Full Report
It’s unclear what is causing a “near-total” internet blackout in Iran.
Analysis Summary
# Incident Report: Near-Total National Internet Blackout in Iran
## Executive Summary
On Wednesday, June 18, 2025, Iran experienced a near-total national internet blackout, with connectivity dropping by approximately 97%. This event occurred amidst escalating military conflict between Iran and Israel, following reports of significant cyberattacks against Iranian financial entities. The cause of the severe internet degradation remains officially unclear, though it coincided with Iranian officials reportedly restricting internet access.
## Incident Details
- **Discovery Date:** June 18, 2025 (Wednesday)
- **Incident Date:** Commencing sometime before June 18, 2025, rapidly escalating on that day.
- **Affected Organization:** National internet infrastructure of Iran.
- **Sector:** Telecommunications/Critical Infrastructure.
- **Geography:** Iran.
## Timeline of Events
### Initial Access
The article does not detail a specific initial access point for the *cause* of the national blackout, but notes preceding events:
- **Date/Time:** Preceding days/weeks (leading up to June 18, 2025).
- **Vector:** Alleged cyberattacks on local targets (bank, crypto exchange).
- **Details:** An alleged "massive cyber war" was claimed by Iranian news sources, following hacks against a major Iranian bank and the largest Iranian crypto exchange.
### Lateral Movement
Not applicable/Not detailed. The event describes a national infrastructure failure or intentional shutdown rather than internal network compromise.
### Data Exfiltration/Impact
- **Impact:** Near-total collapse of national internet connectivity, measured at ~97% below normal levels by Cloudflare data.
- **Scope:** National level.
### Detection & Response
- **Detection:** Detected by global web monitoring firms (NetBlocks, IODA) showing sudden collapse in connectivity. Cloudflare confirmed traffic drops.
- **Response actions taken:** Iranian officials reportedly began restricting access to the country's internet following preceding cyber incidents.
## Attack Methodology
### Initial Access
Caused by service degradation or purposeful throttling/shutdown of national infrastructure—the specific method remains unclear.
### Persistence
Not applicable, as this appears to be an event impacting national gateways or core infrastructure rather than persistent malware presence on specific endpoints.
### Privilege Escalation
Not applicable.
### Defense Evasion
Not applicable.
### Credential Access
Not applicable to the core incident, though preceding cyberattacks against the bank and exchange likely involved credential access.
### Discovery
Not applicable.
### Lateral Movement
Not applicable.
### Collection
Not applicable to the core incident, though preceding cyber incidents involved data theft/destruction from financial entities.
### Exfiltration
Not applicable to the core incident.
### Impact
Widespread loss of national internet connectivity.
## Impact Assessment
- **Financial:** Not quantified, but likely significant due to national disruption and preceding high-value theft from financial entities.
- **Data Breach:** Specific data breach details related to the *blackout* are unknown. Preceding incidents involved theft/destruction from a bank and crypto exchange.
- **Operational:** Near-total disruption of national internet services.
- **Reputational:** High international scrutiny due to the timing amidst military conflict.
## Indicators of Compromise
*This incident appears infrastructural/state-level; specific IOCs for endpoints were not reported in the provided context.*
- **Network indicators (Defanged):** Massive reduction (approx. 97%) in national BGP/traffic volume originating from Iran, as measured by NetBlocks and Cloudflare Radar.

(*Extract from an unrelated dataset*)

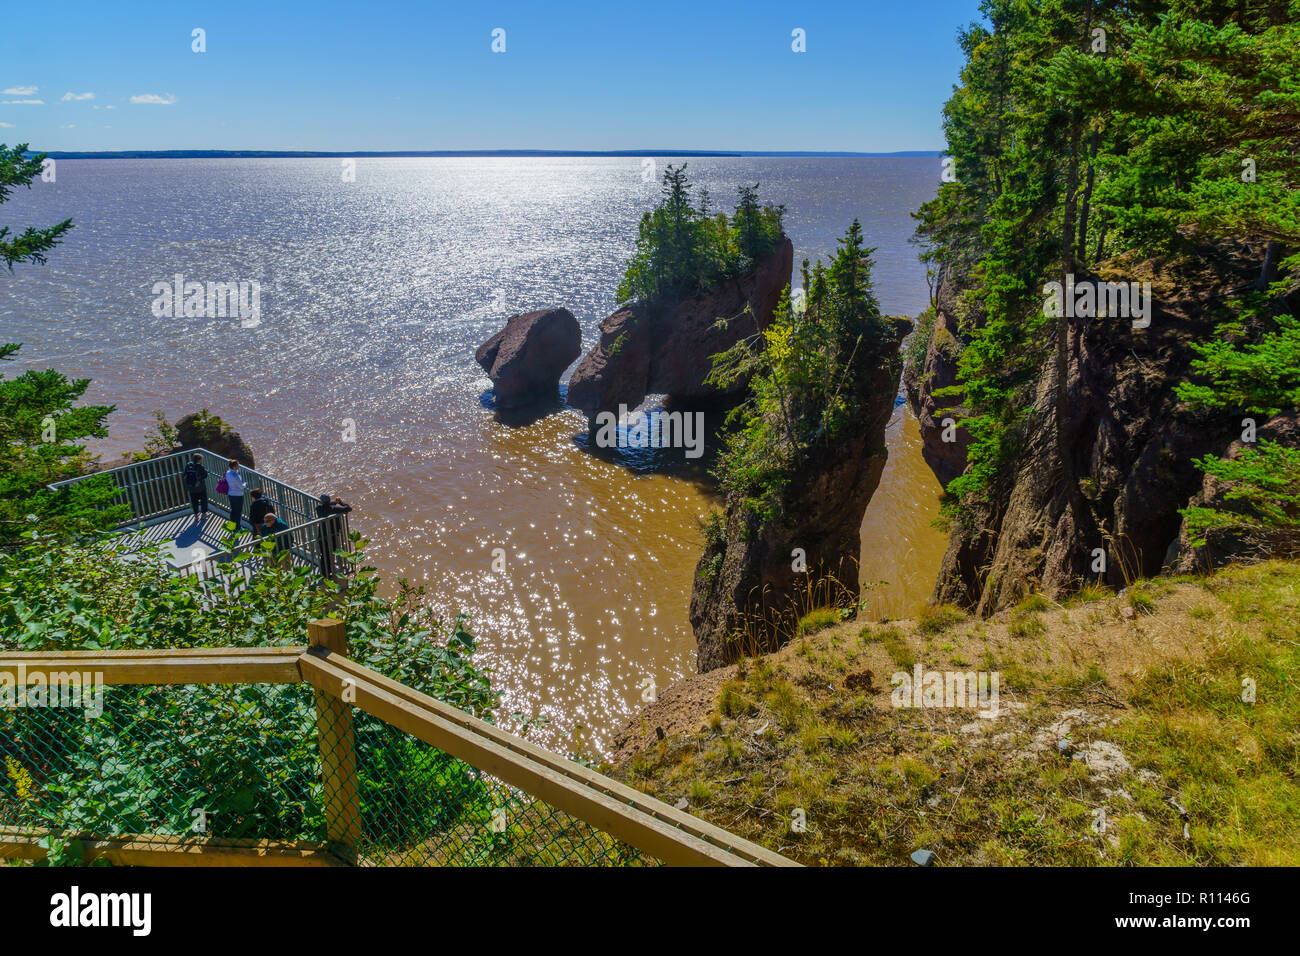 Hopewell Cape, Canada - September 24, 2018: View of Hopewell Rocks at high tide, with visitors. New Brunswick, Canada Stock Photo

- **File indicators:** None reported directly related to the internet shutdown.
- **Behavioral indicators:** Sudden, synchronized collapse of connectivity across multiple international monitoring points.
## Response Actions
- **Containment measures:** Reports suggest Iranian officials began **restricting access** to the internet, which could be interpreted as an attempt at state-level control or containment of external threats.
- **Eradication steps:** Not reported.
- **Recovery actions:** Not reported at the time of the article.
## Lessons Learned
- National infrastructure is highly vulnerable to large-scale connectivity disruptions, whether through external attack or internal directive.
- Reliance on international monitoring firms (Cloudflare, NetBlocks) is crucial for independent verification of national infrastructure status during geopolitical crises.
- Preceding localized cyberattacks may serve as precursors or justification for wider infrastructure interference.
## Recommendations
- Implement robust, diversified national internet routing and failover capabilities to mitigate single points of failure.
- Develop contingency plans for communication outside of standard internet channels during periods of potential state-controlled throttling or external attack.
- Enhance monitoring and defense capabilities specifically targeting critical national infrastructure (CNI) components against sophisticated, state-sponsored cyber warfare tactics.